Em outras palavras, não houve um colapso da demanda por imóveis, mas uma ruptura no modelo de financiamento que sustentava muitos projetos. Fundos alavancados, desenvolvedores com estruturas agressivas de dívida e ativos que dependiam de capital barato passaram a sofrer pressão imediata. Em nichos específicos, como lajes corporativas obsoletas em regiões secundárias, há sim um componente estrutural. Mas, no grosso do mercado, o distress vem da desalavancagem forçada, não da falta de interesse pelos ativos.
Um dos maiores equívocos do mercado é confundir desconto com oportunidade.

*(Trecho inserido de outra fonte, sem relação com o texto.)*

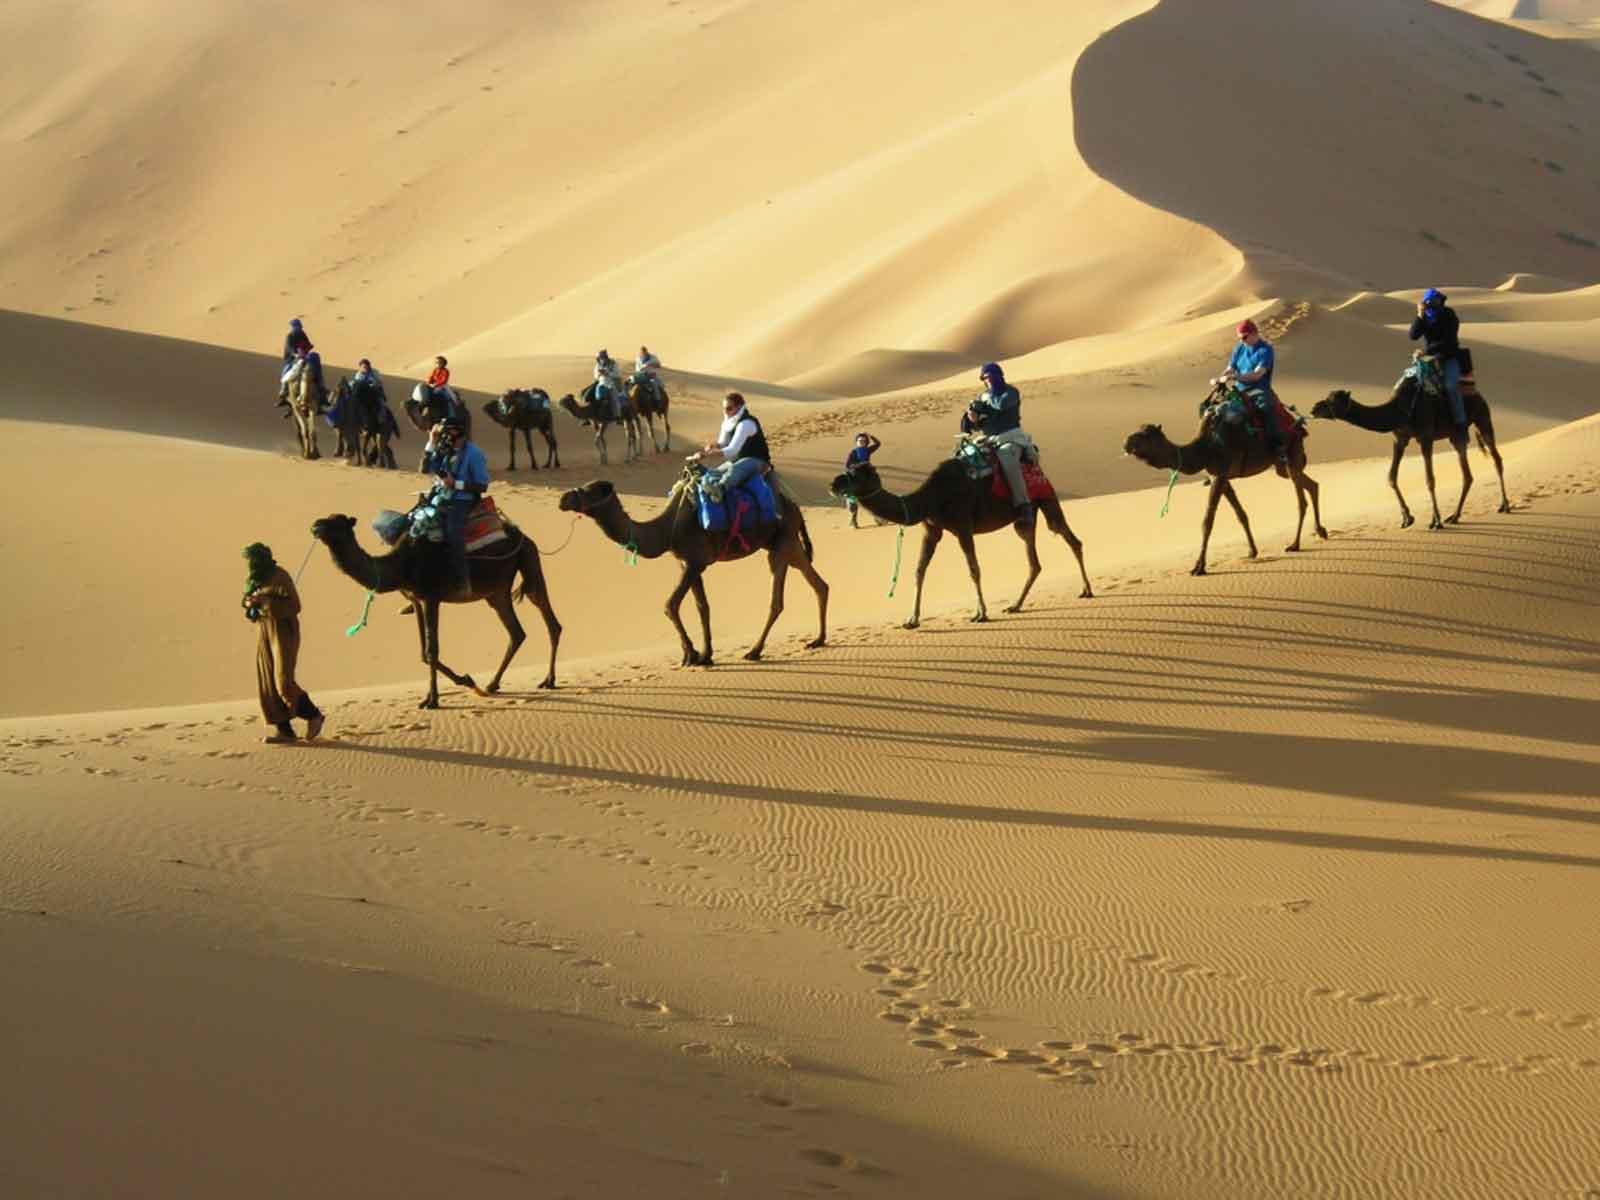 Fes to Marrakech desert tour

Para Barcellos, o desconto é apenas a porta de entrada. “Ele é importante, mas o maior alfa está em comprar algo mal precificado que pode voltar a ser funcional, não em comprar barato algo estruturalmente inviável.”
O verdadeiro ganho está na capacidade de reposicionar, renegociar a dívida, redesenhar a governança, reorganizar o projeto e devolver viabilidade econômica ao ativo. Comprar barato, por si só, não é tese. Tese é transformar um ativo financeiramente inviável em um ativo funcional.
A linha que separa um grande investimento de um erro caro está na viabilidade de reestruturação:
“Se o problema exige apenas capital, tempo e governança, é oportunidade. Se exige mudança de zoneamento, transformação urbana incerta ou mudança estrutural de comportamento de demanda, vira armadilha”, afirma o diretor.
Outro alerta é ainda mais direto: quando o upside depende mais de crescimento macroeconômico do que de execução micro, o risco explode.
Em outras palavras, se o sucesso do investimento depende do “Brasil melhorar”, e não da capacidade do gestor de operar o ativo, o projeto deixa de ser distressed e passa a ser especulativo.
O Brasil não está isolado nesse movimento. Os Estados Unidos passaram por um processo semelhante nos últimos dois anos, com alta de juros pressionando o crédito imobiliário e reprecificando ativos. A diferença é estrutural.
Lá, há mais liquidez para saída. Aqui, menos.
“O Brasil tem menos alavancagem sistêmica, mas também menos liquidez de saída. Aqui, o erro custa menos dinheiro do que nos EUA, mas custa muito mais tempo.”
O ciclo de juros altos também mudou o jeito como os investidores avaliam ativos. Projeções longas e otimistas perderam espaço. Entraram em cena: cobertura real de fluxo de caixa, estrutura de capital, força das garantias e resiliência do projeto sem crescimento agressivo.
Para o futuro próximo, a leitura é clara. “2026 ainda será um ano de descoberta, mas as oportunidades vão migrar dos ativos obviamente estressados para situações mais complexas, híbridas, onde o valor está na engenharia financeira e na governança.”
O distressed brasileiro entra em uma nova fase. Menos sobre comprar prédios problemáticos. Mais sobre corrigir estruturas financeiras equivocadas. O valor não estará no imóvel quebrado, mas no imóvel certo preso à estrutura errada.